I’ve been thinking about love. Not romantic love. Self-love. I hate to sound simplistic, but if we love something, we lavish caring on it and if we don’t, well, we it neglect or misuse it. Of course, there are gradients between treating yourself well and poorly, but if you love yourself wholeheartedly, you can’t continue to have a destructive relationship with food because self-love and self-trashing are mutually exclusive.

Both conditional and unconditional love have evolutionary underpinnings. Because infants and children are not always likeable, the love we feel for them must be unconditional so that we’ll care for them and keep the species trucking. Alternately, adults need to be shaped in order to live in society—humane qualities need to be reinforced and inhumane ones extinguished—so the love we feel for each other is conditional. To be emotionally healthy, self-love needs to be so ingrained, so much a given, that we don’t think about it; we just know it’s there. We can’t only love ourselves if we have a perfect body or eat healthily. Self-love is a permanent, ongoing state of mind.

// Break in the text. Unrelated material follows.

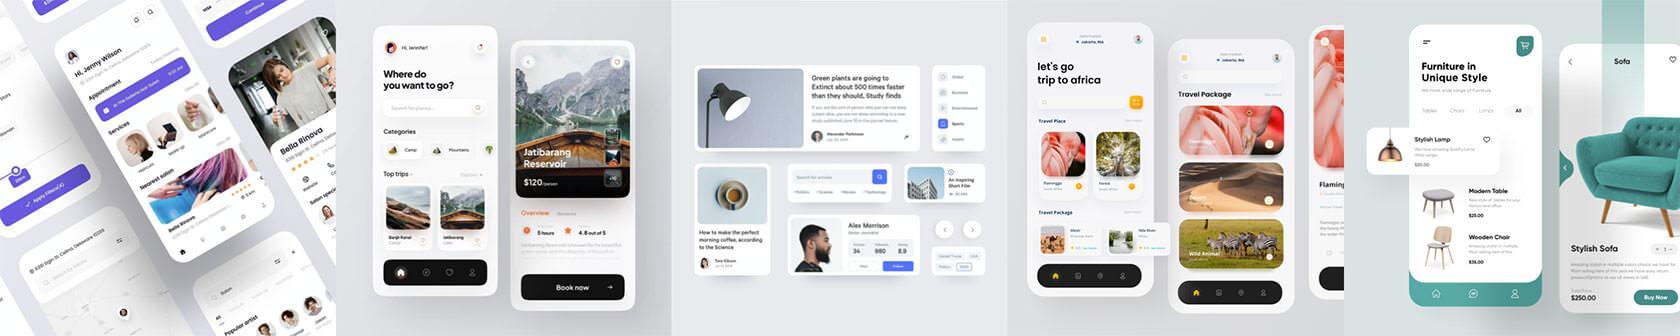 minimal-webdesign-guide-3

If you grew up being mistreated or neglected, you may not feel lovable today, but may be unaware that feeling unlovable is driving unhealthy eating. If you mistreat your body by regularly over- or undereating or engaging in other self-destructive behaviors like purging, what does that say about what you think of yourself? You may wrongly believe that if you’re good or do this or that you’ll love yourself, but exactly the opposite is true: you need that deep, abiding valuing and acceptance first. Then you’ll do right by you.

A difficult concept to grasp. Clients tell me they’re unworthy of self-love because they behave badly, hurt others, harm themselves, are lazy, and imperfect. Well, so are other people, yet they manage to love themselves in spite of these flaws. Our frailties are part and parcel of being human and are no reason not to have self-love. If you want to improve your relationship with food, you have to make a choice. Yes, I believe self-love is just that. You decide either you’re going to love yourself or not. If not, then you continue to do yourself harm with food and otherwise and are caught in a negative loop: not loving yourself, you treat yourself poorly which reinforces your bad feelings, etc.

Loving yourself colors everything, including how you eat and care for your body and triggers a positive process. Starting from the premise of self-love, you do good by you and feel more lovable which supports treating yourself better, etc. Denying yourself self-love will keep you stuck in dysregulated eating. Why not love yourself, starting now?